Долго так тянуться не могло. И однажды, заглянув ко мне в кабинет, Орлов мимоходом сказал:

— Ты бы зашел ко мне. Есть разговор.

У себя в кабинете он запер изнутри дверь на ключ, кивком пригласил меня сесть на диван и, усевшись рядом, дружески обнял за плечи.

— Лену-то помнишь? Занятной пташкой оказалась.

— Толя, не финти, — снял я его руку со своего плеча. — Помнишь, на водопаде ты фотографировал меня с Леной? Эти снимки потом были предъявлены моей жене.

— Возможно, — невозмутимо ответил он. — И для твоей же пользы.

— Значит, ты все заранее знал? И писал на меня доносы?

— Не то говоришь, Олег. Это не донос. Я выполнял партийное поручение. Кто такая Лена, я не знал. Но догадывался, что это из нынешних… так называемых… инакомыслящих. Помнишь ее рассуждения тогда… у Иудина дерева. Только тебе невдомек было, куда гнет девица? Да, правда, ты был в угаре. А любовь, она, того, слепа… Но я-то слушал трезвыми ушами. Да и Лидочка… Помнишь? Мы рядом с вами трахались. Она тоже подтвердила. Ее разыскали где-то в провинции, дева дала полные показания. Я, соответственно, тоже все представил, как было. Теперь очередь за тобой.

— Что ты имеешь в виду?

— Послушай, Олег. Я же с тобой по-дружески, не официально…

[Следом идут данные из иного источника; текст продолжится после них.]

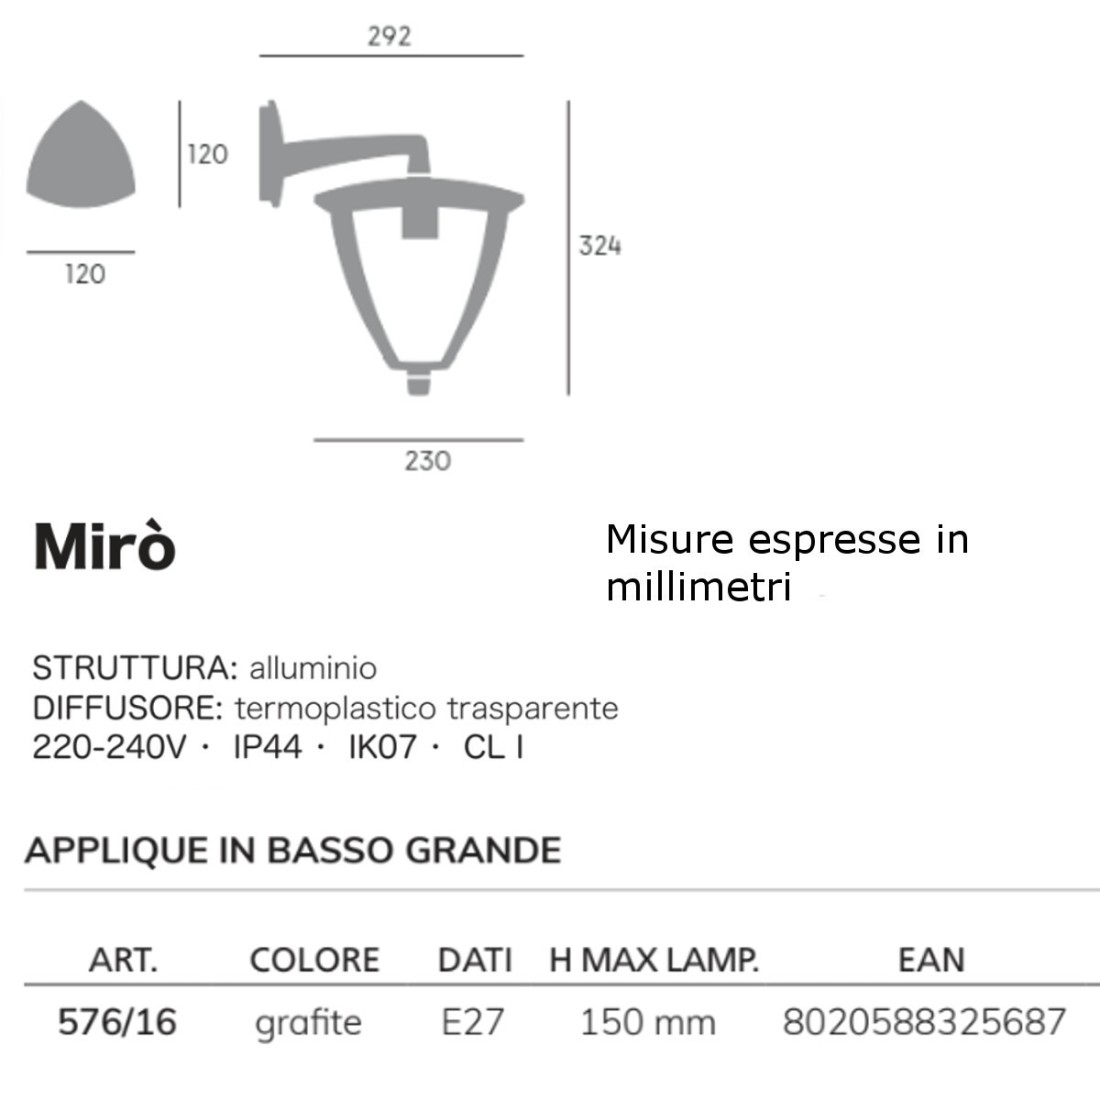 Applique classique Livos MIRO 576 16 E27 LED aluminium

— Я предпочитаю официальный разговор. Дружеского разговора у нас и до встречи с Леной не получалось, а теперь и подавно. Давай выкладывай, что тебе велели.

— Тогда пересядем, — поднялся Орлов. — А то диван размагничивает. Будь любезен сесть сюда, а я уж на свое рабочее место.

Он сел за письменный стол, я на стул перед ним. Как на допросе.

— Обращаться к тебе по фамилии? Или Олегом называть? — сдвинув брови и нагоняя на себя серьезность, насупился Орлов.

— Называй, как хочешь. Давай ближе к делу.

— Ладно. Приступим. Значит, первое. Лена, как тебе известно, под следствием.

— Она арестована, — поправил я.

— Верно. Это и есть пребывание под следствием. Ей инкриминируются серьезные антигосударственные преступления. Как то: клевета на наш советский строй, подрывная пропаганда, распространение нелегальной антисоветской литературы. Эт цетера. Она, как и ее подельники, вся эта диссидентская шатия-братия, отпирается, путает следствие, изворачивается, как может. Ты, именно ты, в состоянии крепко помочь следствию припереть эту суку к стене. Ведь она-то тебя не щадила, передавая на хранение чемодан с нелегальной литературой.

— Ты и об этом знаешь?

— Насколько мне известно, это не секрет даже для твоей жены.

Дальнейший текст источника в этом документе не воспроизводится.